If I’m stagnating, that’s not someone else’s problem, that’s my problem.
How many times have you seen people in a stagnant situation, no growth, no joy, no passion, no challenge—just turning the crank, putting in the hours.
If that’s you, then change it.
You are not a victim of a bad boss or company or circumstance, you are a victim of your own bad self-management.
Far too many times people act like a victim.
My company just doesn’t care about me.
That’s a bummer, but it doesn’t mean you can’t grow and develop.
You do what it takes.
I have to discipline myself to read the right books, talk to the right people, and engage the right experiences in order to continue to learn and grow and be stretched.
Nobody else is doing that for me.
In the short run, you can get away with neglecting this, but in the long-run you shrivel up.
It’s like Howard Hendricks says, “I’d rather drink from a flowing stream than a stagnant pond.”
If we aren’t learning and growing, we are just a stagnant pond.
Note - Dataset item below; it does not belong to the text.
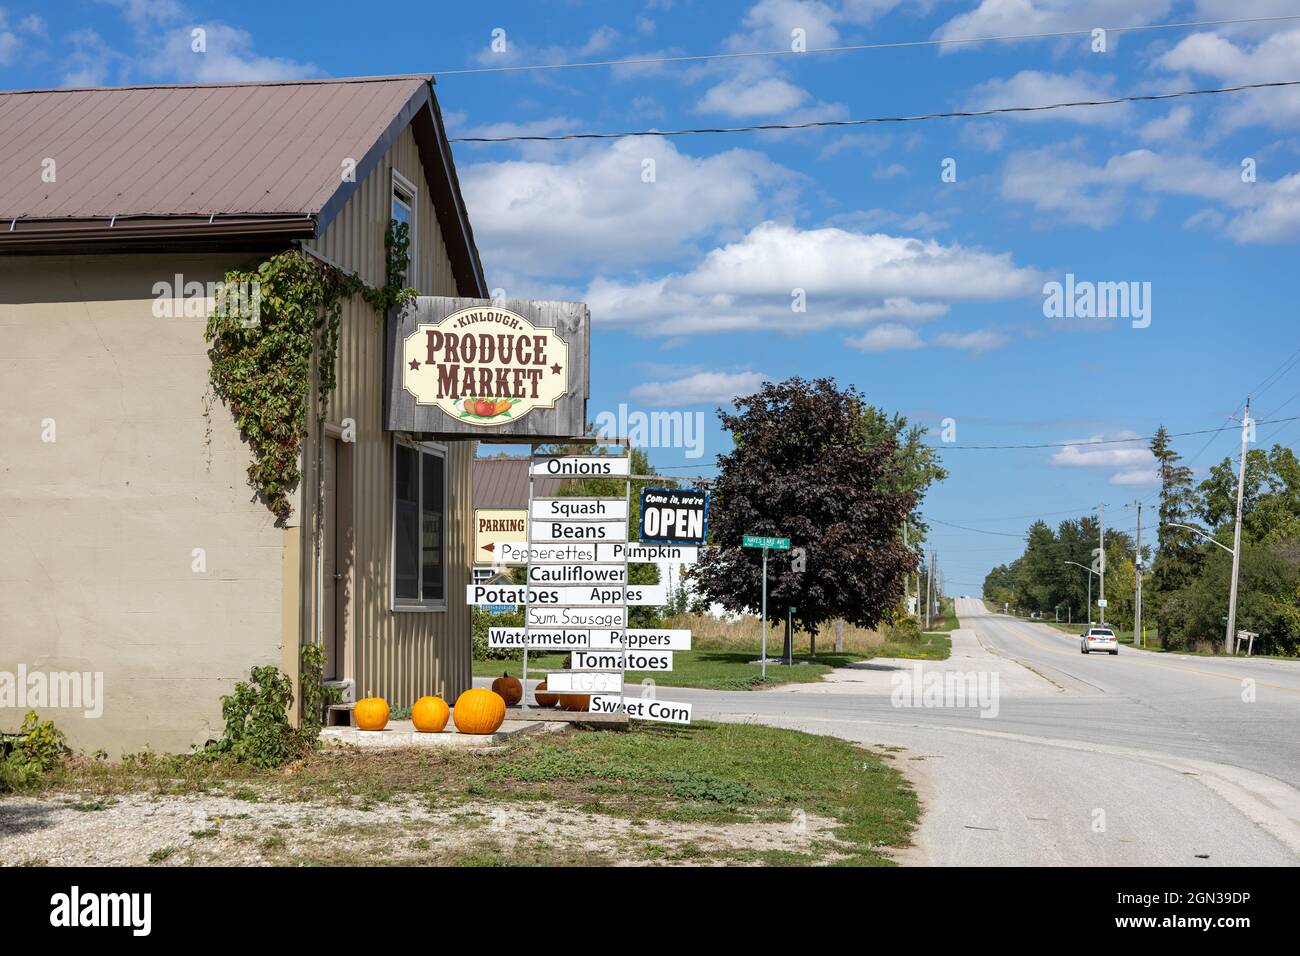 Kinlough Produce Market Signs Selling Local Vegetables And Produce Building Exterior In Kinlough Ontario Canada Stock Photo

So, let me ask you, “Are you growing?
Are you taking pains to focus on your area of gifting, or are you neglecting it?”
You will never accomplish what God put you on this planet to accomplish until you take responsibility for your own development, until you manage yourself well.
The second piece of the self-development pie is
Slide: _______________ ) Replenishment
doing what is necessary to replenish ourselves.
We can’t escape this need, because it is how we are designed.
We are like this car that can go for a while on one push, but then needs a fresh one.
We’ve talked in this series how we are created to work, and that is true.